My apologies to OTAC, I think. I read his comment as a response to my posting, while he/she was apparently quoting from Carey's blog. I didn't see any quote marks, so I thought the comments were OTAC's own response.

My disagreement with Carey's blogged response comes from the fact that I never argued about the use or non-use of multivariate modeling per se. His suggesting THAT as the point of contention is only to misdirect the discussion into irrelevant technical considerations and away from the real fallacy of the Billy Beane baseball comparison. My point was to argue the notion that measuring teachers solely by a single variable -- whether absolute achievement or relative progress versus mathematically adjusted expectations -- is only weakly comparable, at best, to the sort of multifaceted analysis baseball statisticians like Billy Beane employ to evaluate players' "value added" performance. Efforts like Mr. Carey's to legitimize in the public's mind the DOE's teacher evaluation plans by using a baseball analogy are facile and applealing for their recognizable content. And maliciously inappropriate and misleading for the very same reasons.

Leonie Haimson said...

The author of the oped that Steve so adeptly skewers is Kevin Carey -- formerly of Ed Trust and now Education Sector.
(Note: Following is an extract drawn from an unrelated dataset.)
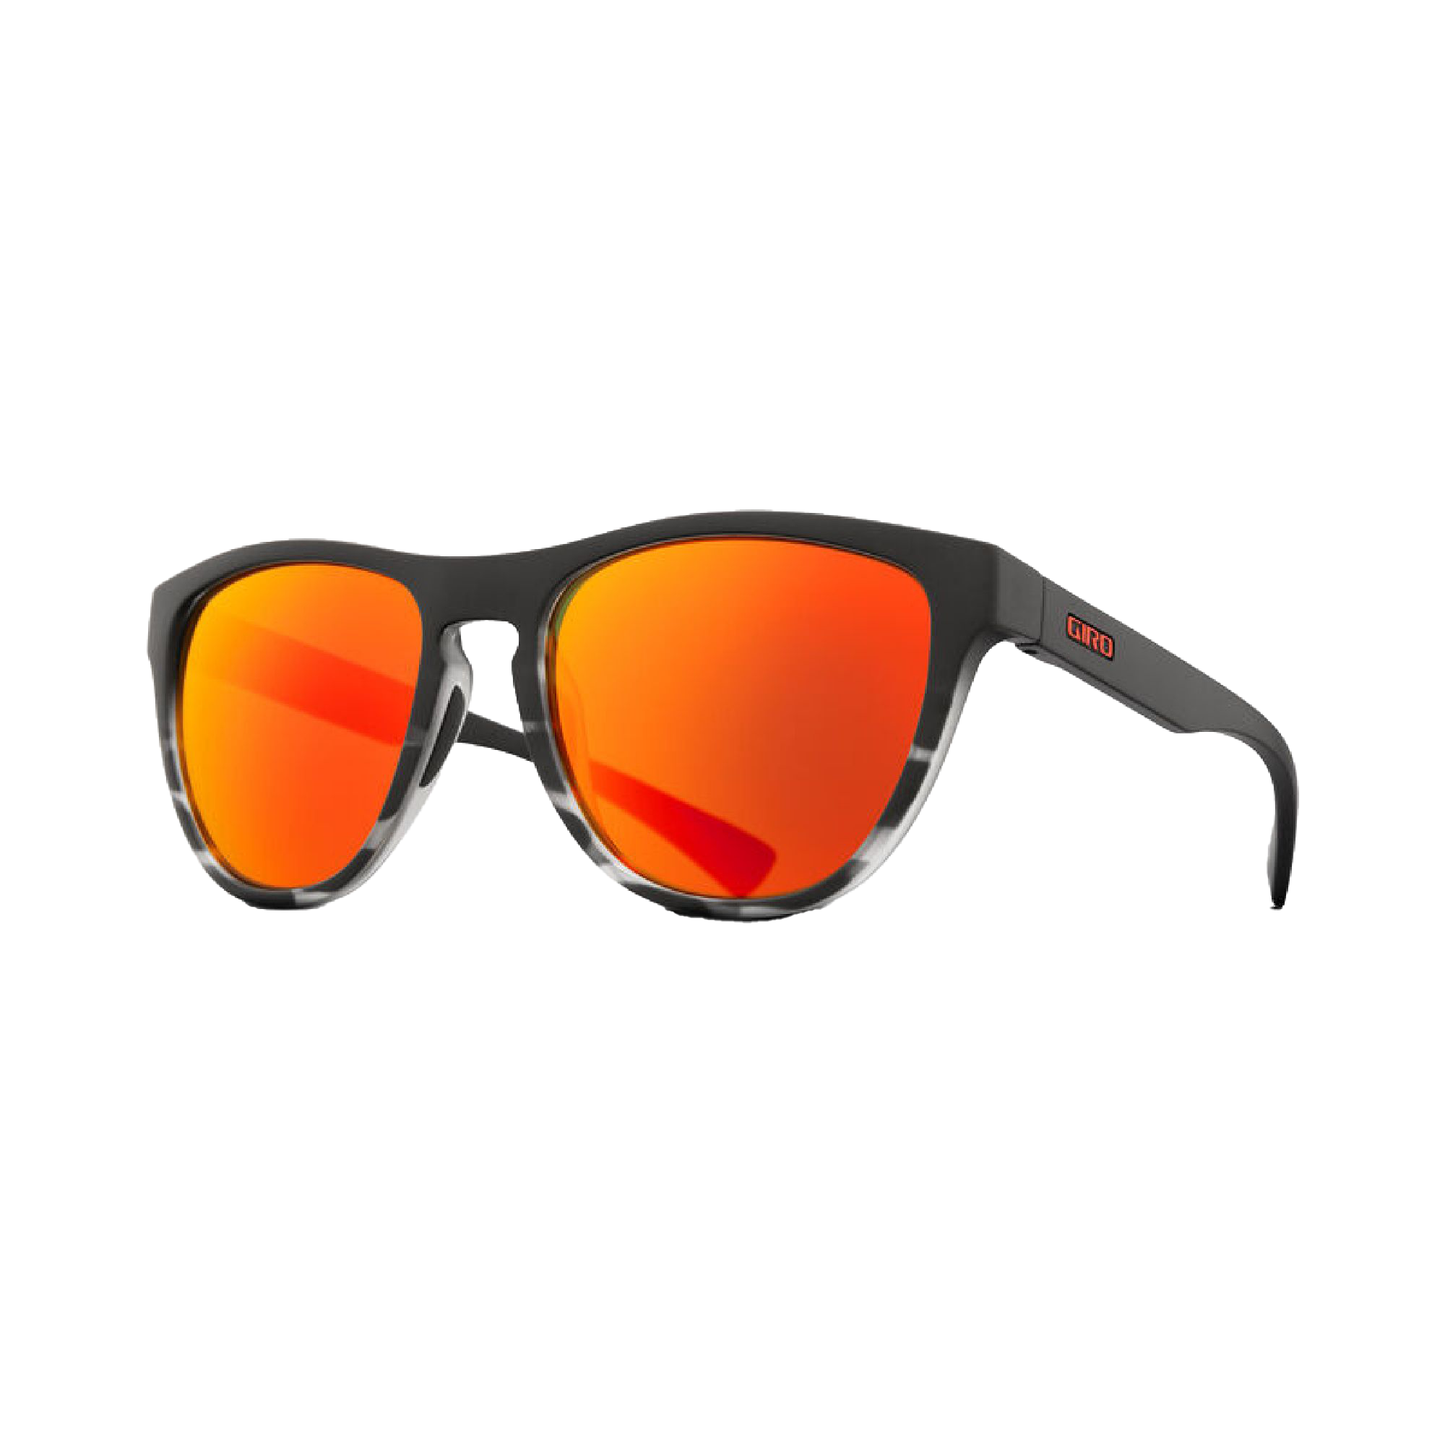 Giro Mills Sunglasses Matte Black Tortoise Fade VIVID Ember Sunglasses

Kevin Carey's response is here:

http://www.quickanded.com/2008/02/
dont-be-questioning-my-bill-james-itude.html

It's amazing how statistically illiterate these Beltway education pundits are.

Leonie Haimson said...

Another major flaw about the school grading system: not only is it based primarily upon one variable as Steve points out -- but one year's worth of a variable -- the difference between last year's test scores and the year before.

Thus, if you keep the analogy on baseball, a hitter could hit 43 homeruns and have an average of .306, but if he hit 45 the year before and had an average of .325, he would receive a lower grade than a player who improved their scores over the year before, even if hehad no homeruns and had an average of .206. I don't think many people would consider this a good way to measure athletic prowess.

This is why certain NYC schools that had 80-90% of kids at grade level got Fs, while others who had up to 70% below grade level and were on the state failing list received As.